Coming off working on a large Backbone app, I've seen how bloated, needlessly
repeated, and painstakingly verbose things can get. Angular solves a lot of
the problems I have with Backbone by taking care of basic plumbing for me so I
can focus on the unique parts of my app. It's magical, but that's what I want
in a framework: less pounding out boilerplate and more writing application
code.

------
laureny
> The main reason Angular JS will fail is because it’s difficult.

I'm glad good scientists don't stop studying something because it's difficult,
it would have sucked for quantum theory.

Seriously, though, that's the argument? A technology will fail because it's
difficult?
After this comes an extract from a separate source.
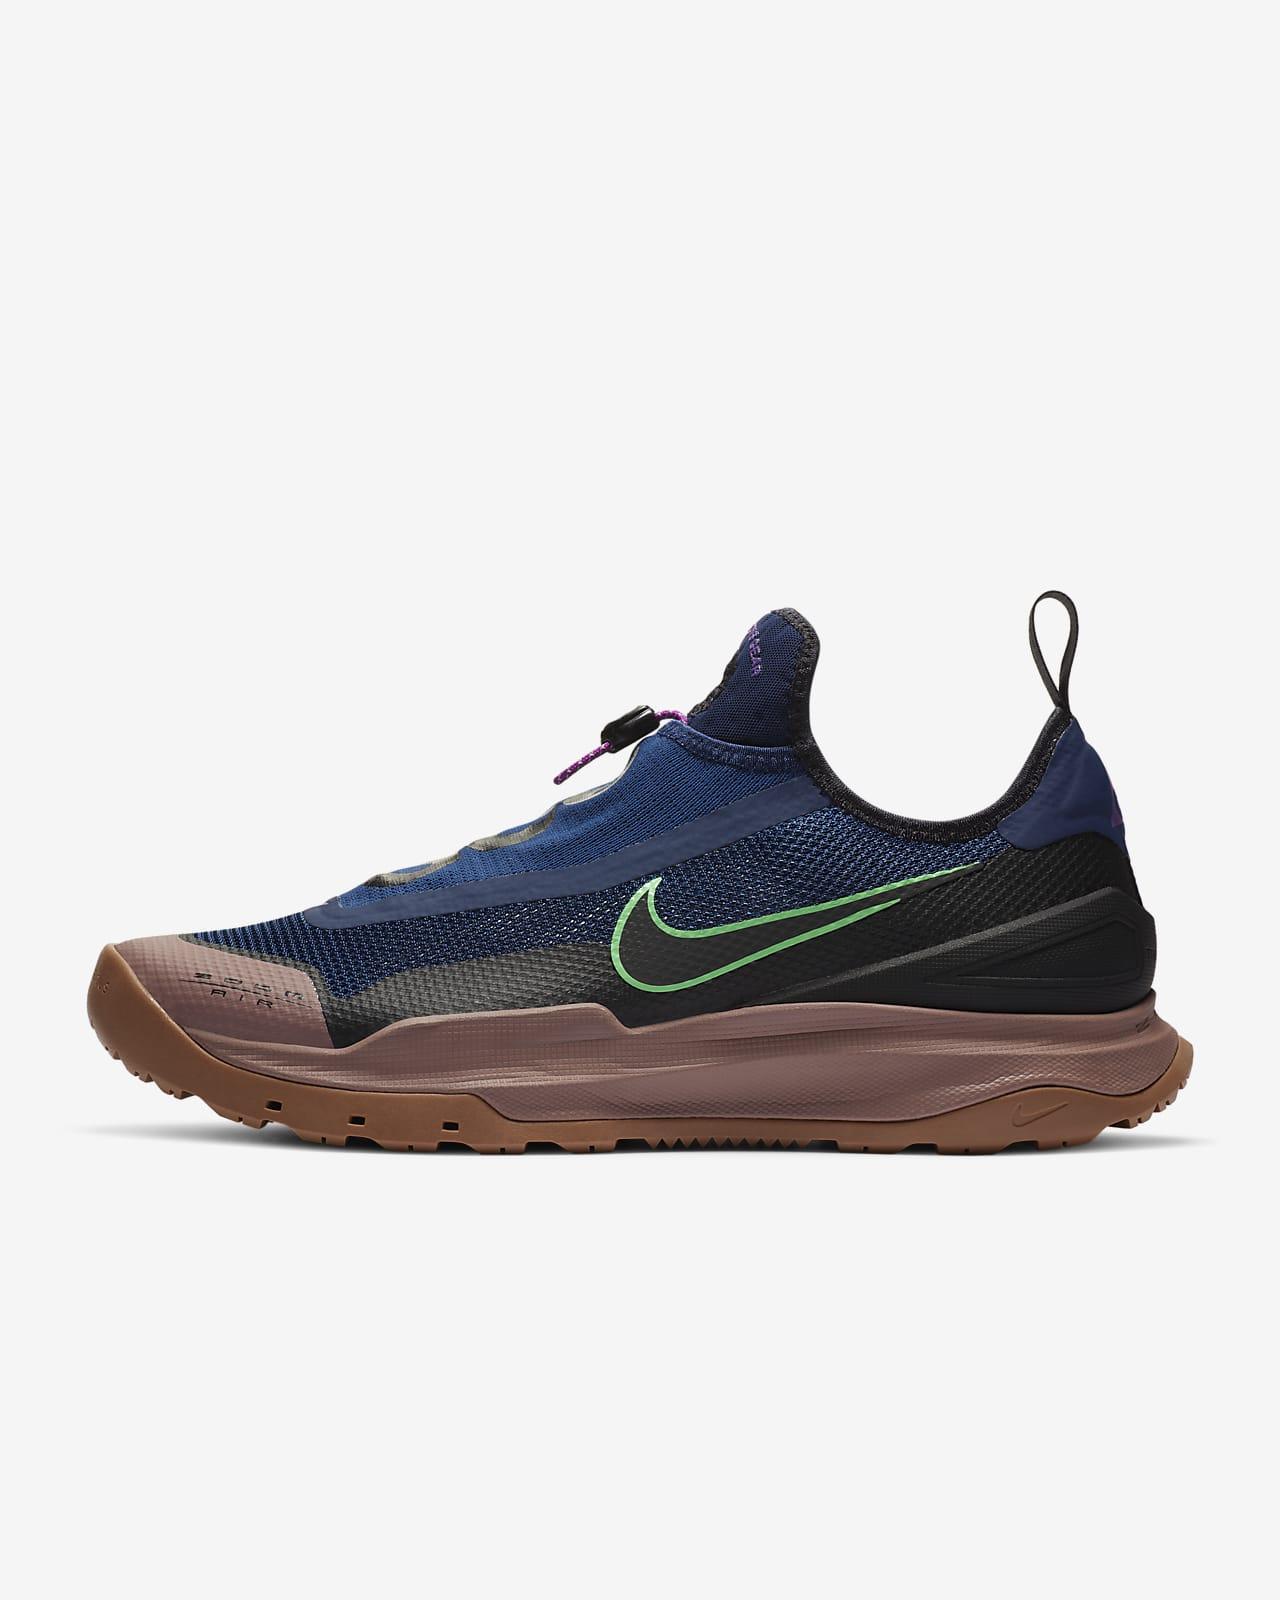 Chaussure de randonnée Nike ACG Zoom Air AO

Hopefully the OP meant "overcomplicated" or "I tried to learn it
and it was beyond my ability", but saying that something will fail because
it's difficult is just stupid.

Besides, even if Angular were to fail overnight, right now. The download sites
go dark, the team is disbanded and starts working on something else, I'd argue
that Angular has already succeeded by showing everyone a new way to tackle
single apps and how to structure Javascript applications.

Having said that, I'm pretty sure Angular is going to be around for quite a
while.

------
kayoone
Apples and oranges...Coming from a backend developer background i actually
found angular pretty easy to pick up. Most of the backend frameworks are much
more complex. And angularJS is to be compared with application frameworks, not
with a javascript toolkit to enhance static websites like jquery.

Try to build the kind of apps you can build with angular in a few days with
jquery and you will see what mess you end up with.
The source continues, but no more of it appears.